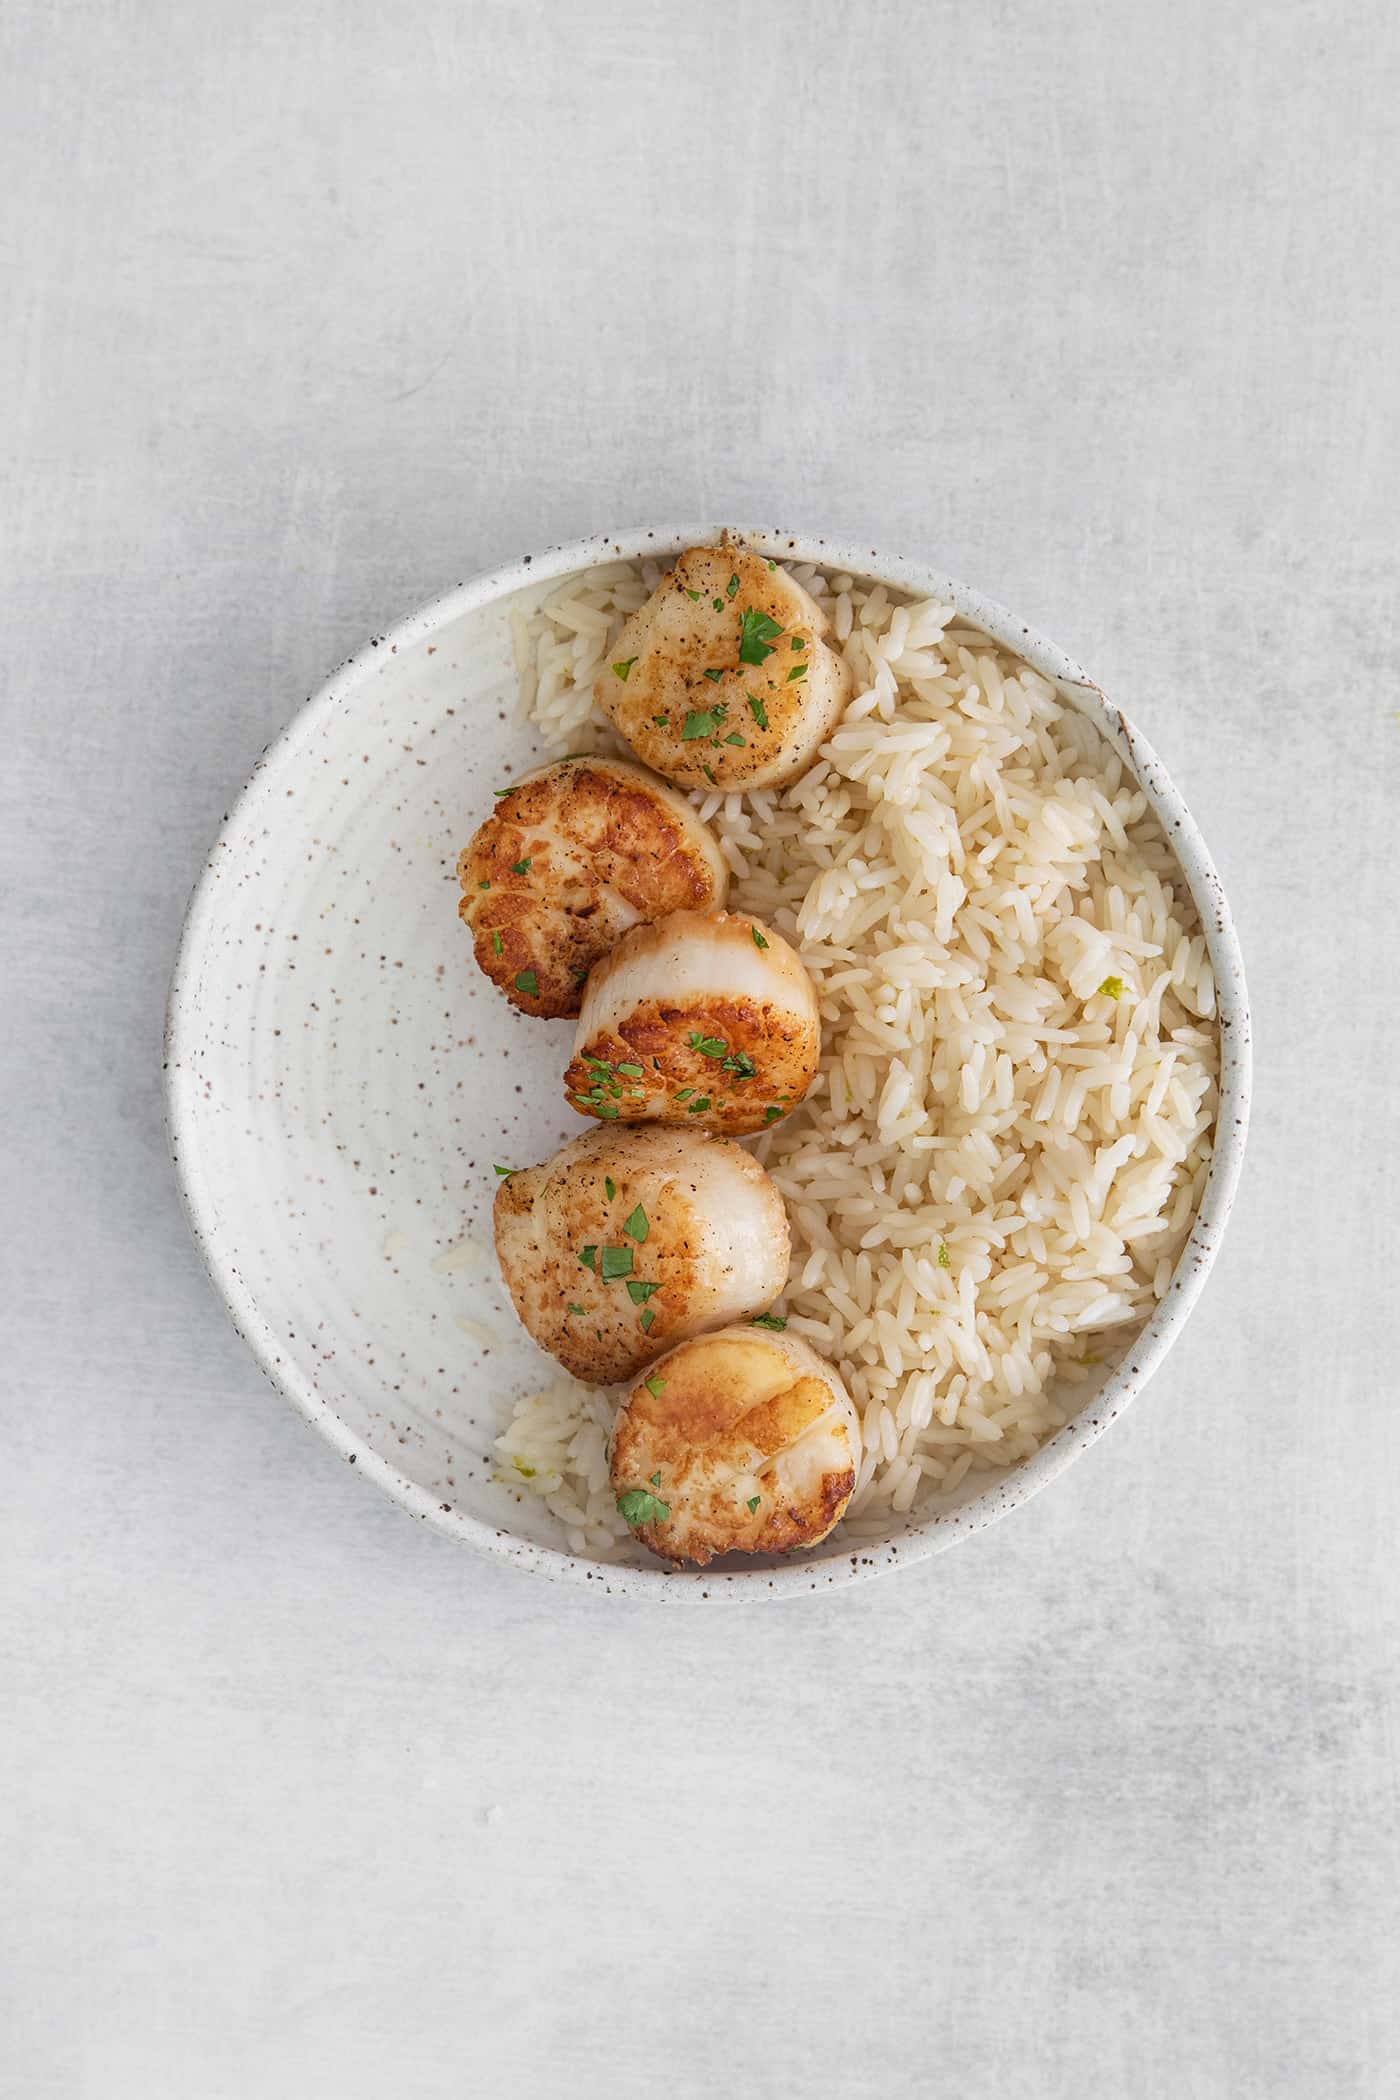 Seared scallops and rice in a bowl
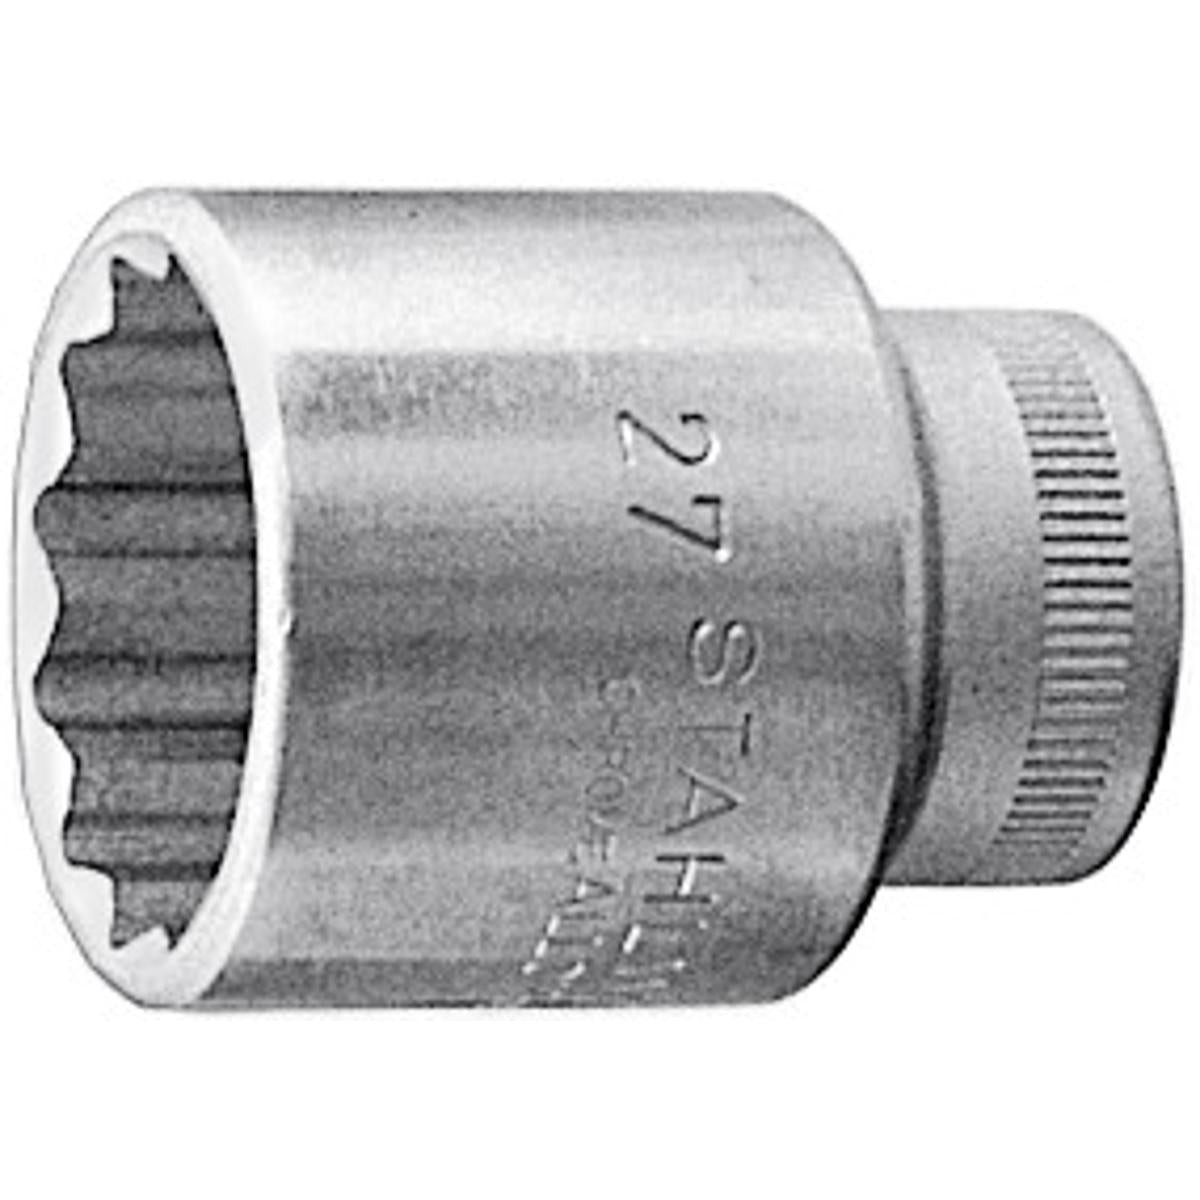 ĐẦU SOCKET 12 CẠNH, 1/2 INCH STAHLWILLE 19MM
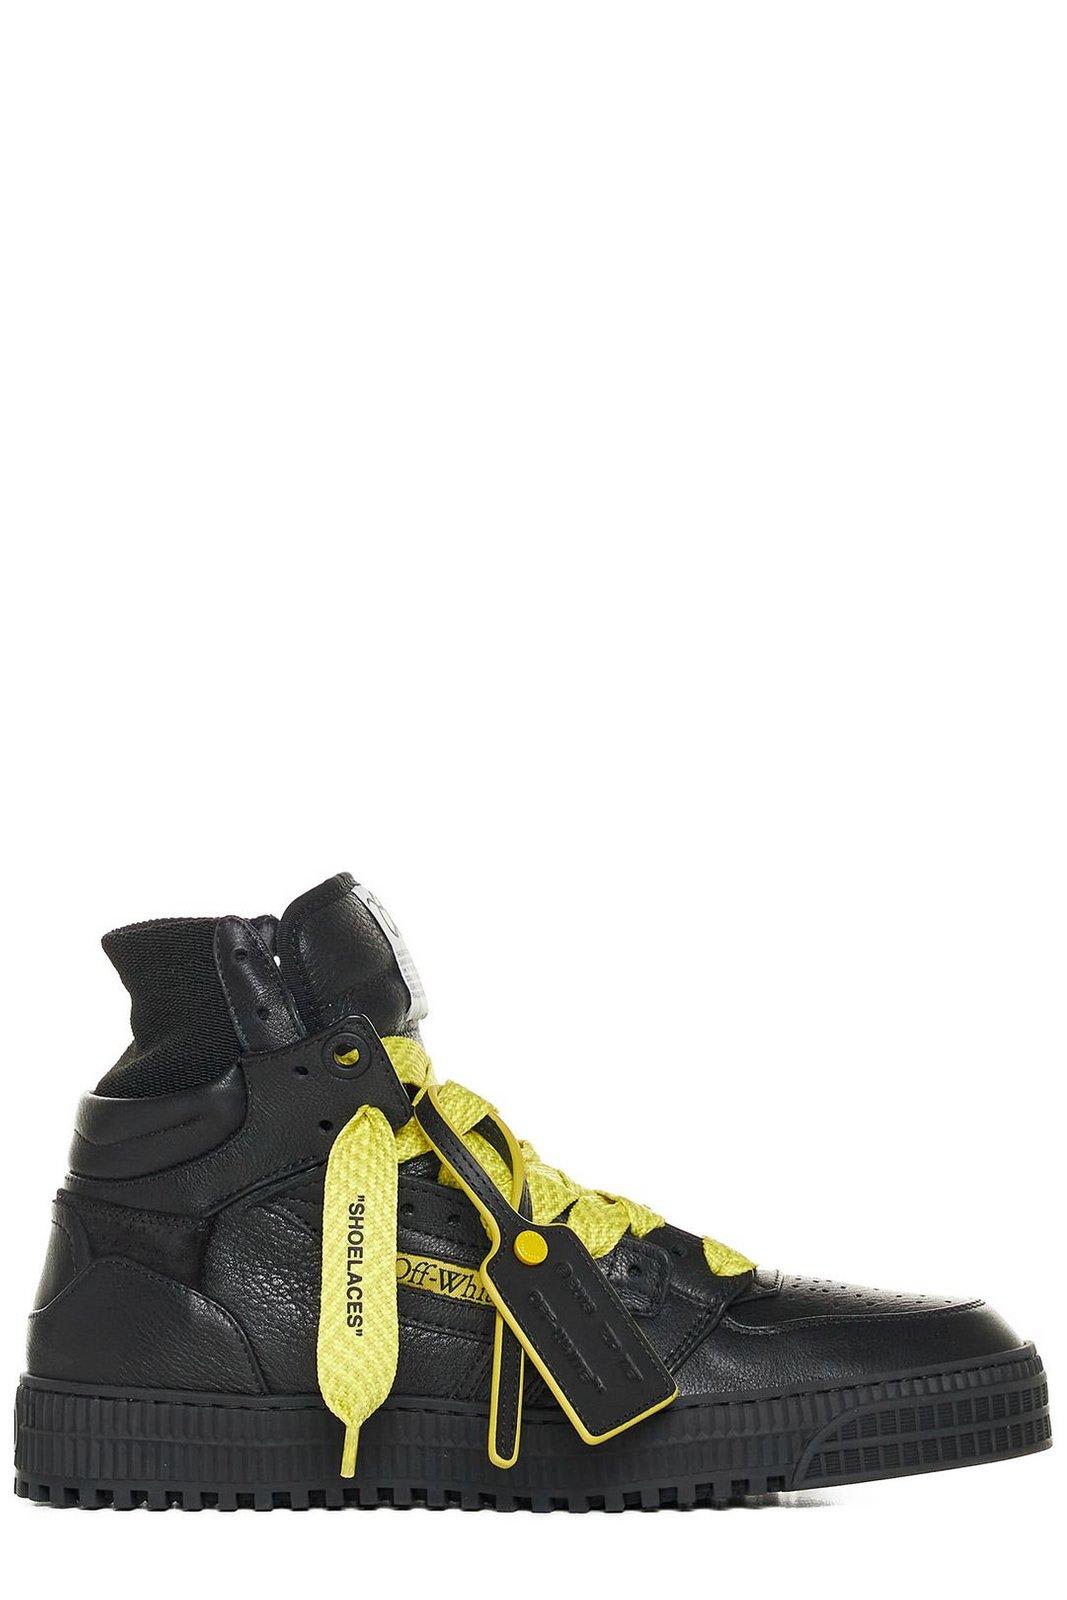 OFF-WHITE 3.0 OFF COURT LACE-UP SNEAKERS

────────

The whole listing is to be duplicated verbatim, apart from its images.

» Exercise solution:
 Seared scallops and rice in a bowl
 ĐẦU SOCKET 12 CẠNH, 1/2 INCH STAHLWILLE 19MM
 OFF-WHITE 3.0 OFF COURT LACE-UP SNEAKERS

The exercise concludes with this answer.